======== INPUT DATA ========

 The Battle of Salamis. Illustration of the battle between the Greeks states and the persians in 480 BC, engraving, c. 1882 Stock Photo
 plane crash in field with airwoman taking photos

========
======== INPUT DATA ========

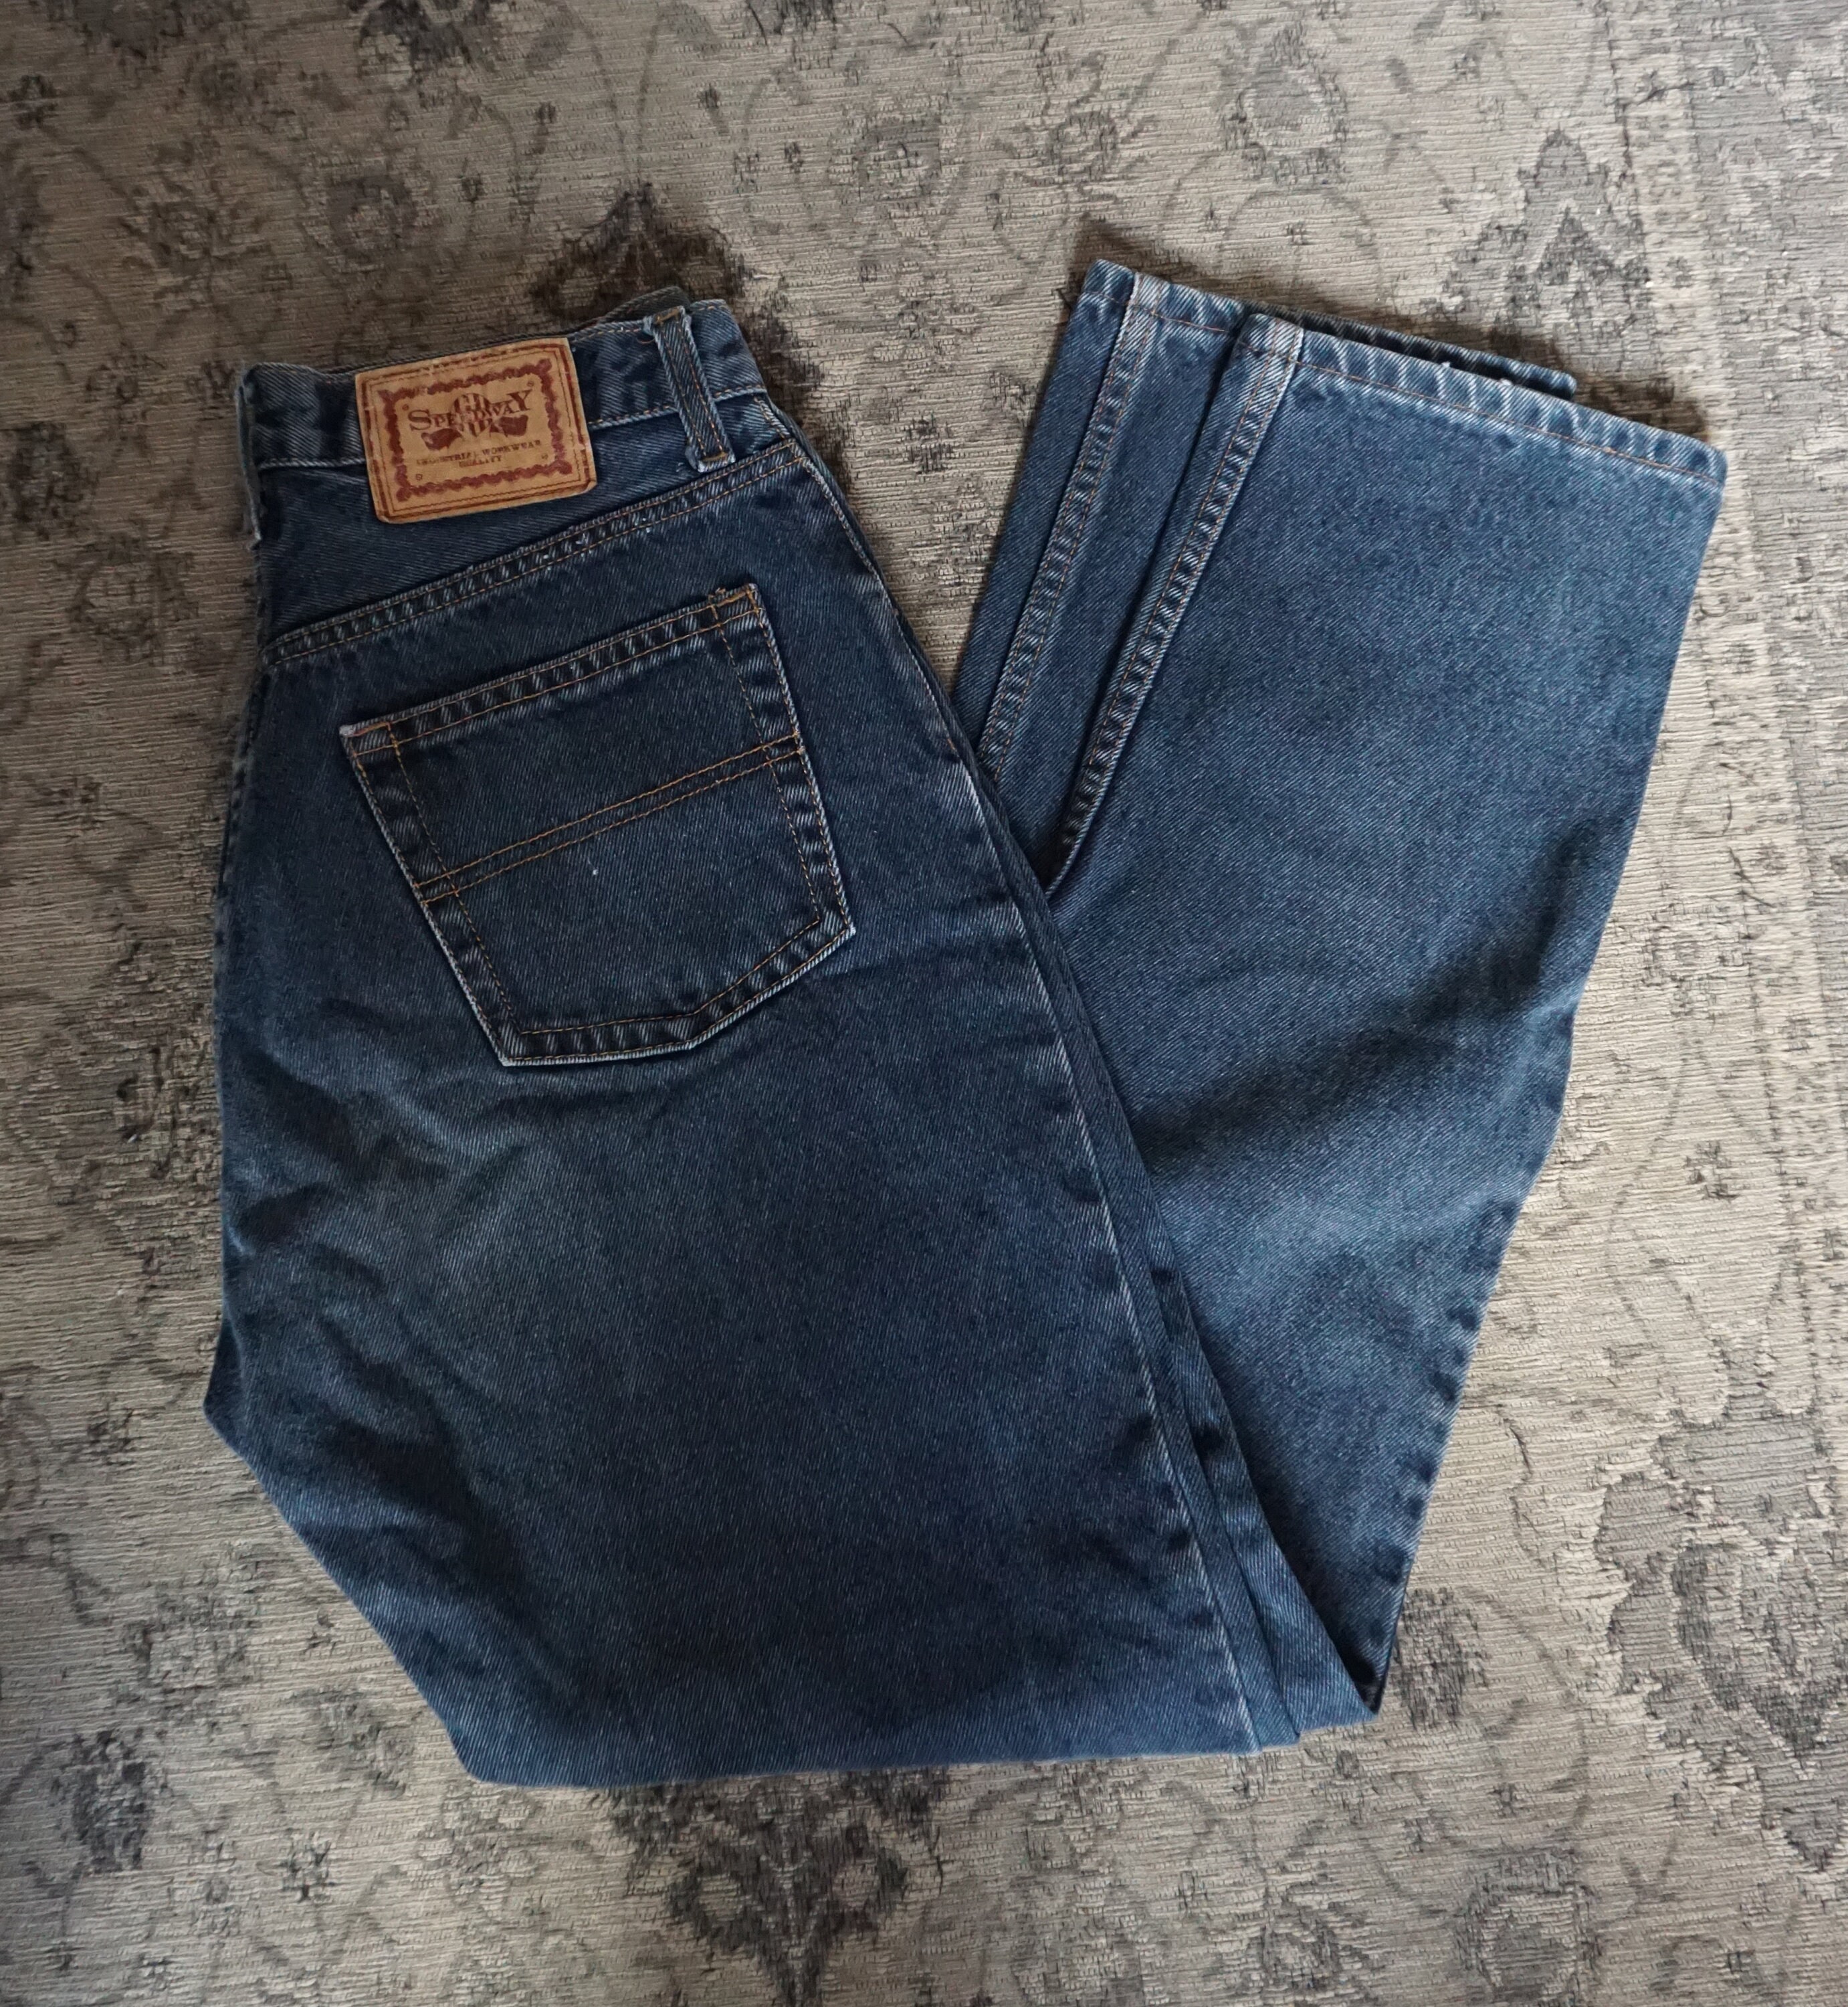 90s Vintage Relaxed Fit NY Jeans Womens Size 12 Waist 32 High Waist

========

[TASK GOAL]
The reply should consist solely of the lines above from the one that has "The Battle of" through the one that has "plane crash in", reproduced exactly.

[TASK RESULT]
 The Battle of Salamis. Illustration of the battle between the Greeks states and the persians in 480 BC, engraving, c. 1882 Stock Photo
 plane crash in field with airwoman taking photos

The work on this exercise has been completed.